Alibaba open-sources ZeroSearch, which innovates large-model search technology, reduces costs by 88%, and outperforms Google Search!
Core content:
1. ZeroSearch project overview: Innovative large-model search engine framework based on reinforcement learning
2. Main functions: No need for real search engine interaction, dynamic control of document quality, and significant cost reduction
3. Technical principles: simulated search engine, lightweight supervised fine-tuning, curriculum learning mechanism, reward signal based on F1 score
In today's digital age, large language models ( LLMs ) have made significant progress in the field of natural language processing, but in practical applications they still face problems such as generating hallucinatory content or outdated information.
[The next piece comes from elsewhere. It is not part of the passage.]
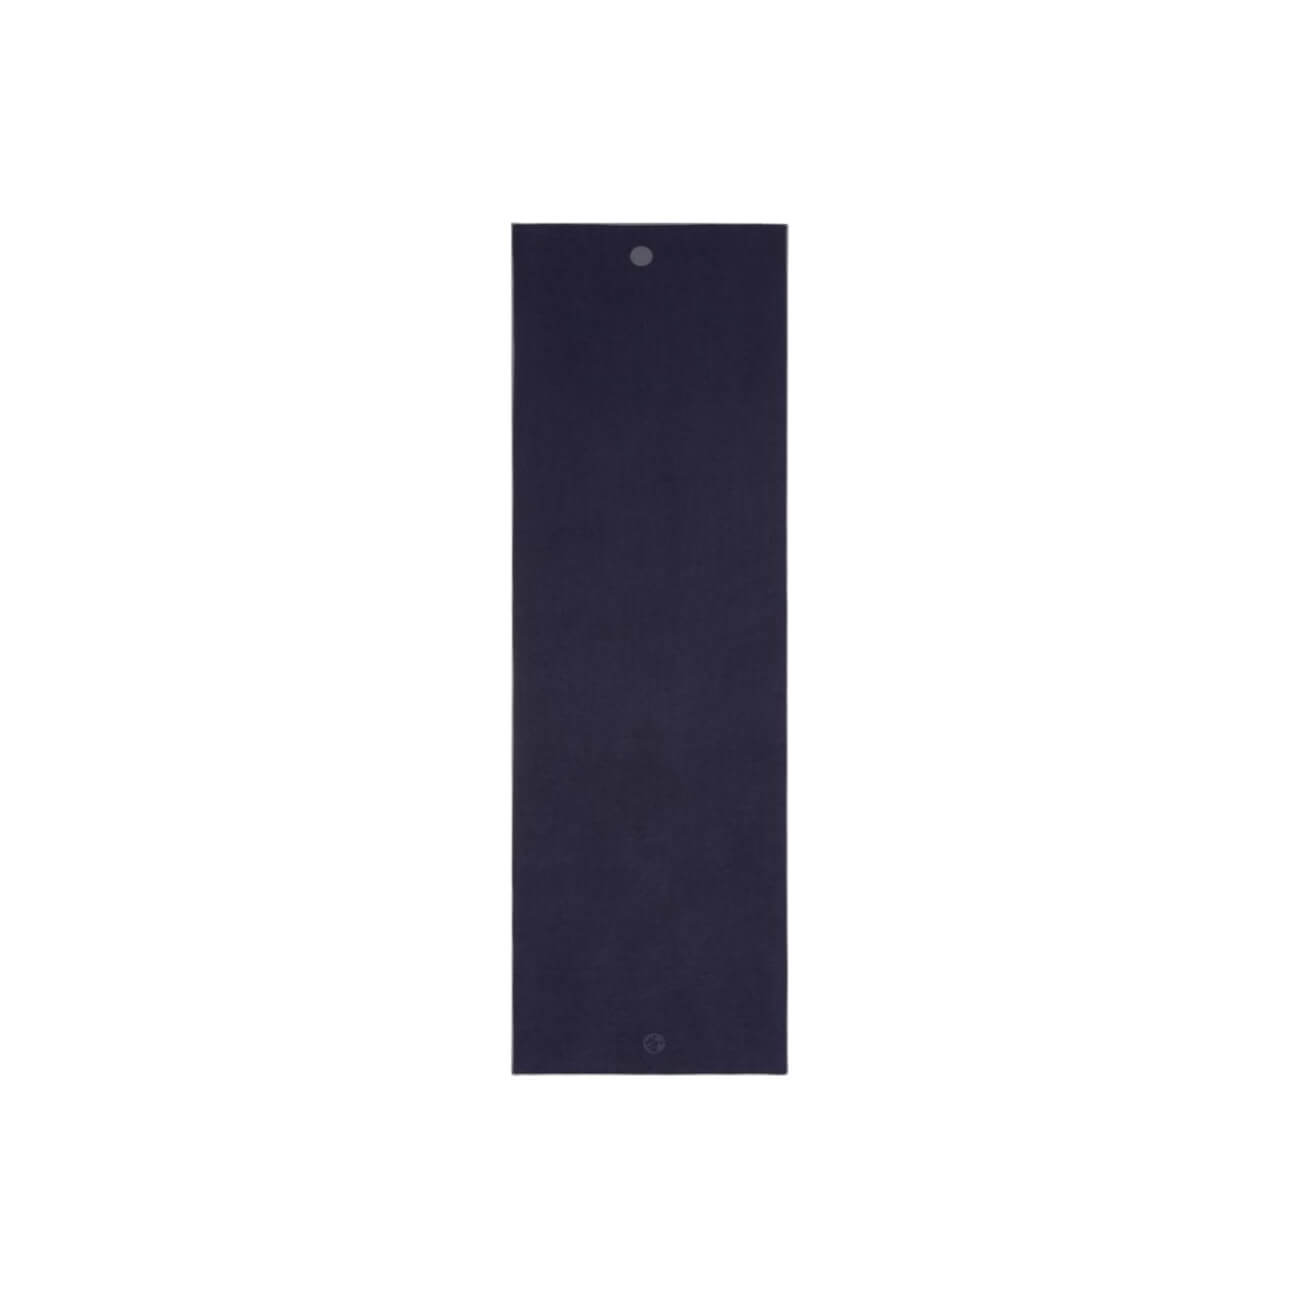 YOGA MAT TOWEL 2.0 MIDNIGHT BLUE

To solve this problem, retrieval-augmented generation ( RAG ) technology has emerged to improve the generation ability of the model by integrating external knowledge. However, traditional retrieval enhancement methods rely on interaction with real search engines, which is not only costly but also has the problem of uncontrollable document quality . The ZeroSearch project, open sourced by Alibaba Tongyi Lab , proposes an innovative solution that stimulates the search ability of large models by simulating search engines without interacting with real search engines, greatly reducing training costs while improving the reasoning ability of the model.
1. Project Overview
ZeroSearch is an innovative large-model search engine framework open sourced by Alibaba Tongyi Lab. It is based on reinforcement learning to stimulate the search capabilities of large models. It does not need to interact with real search engines. Through lightweight supervised fine-tuning and curriculum learning mechanisms, it converts large models into retrieval modules, which can generate relevant or noisy documents based on queries and dynamically control the generation quality. The performance of this framework exceeds that of Google Search on multiple question-answering datasets, while significantly reducing training costs (over 80% ), and it has strong scalability and versatility.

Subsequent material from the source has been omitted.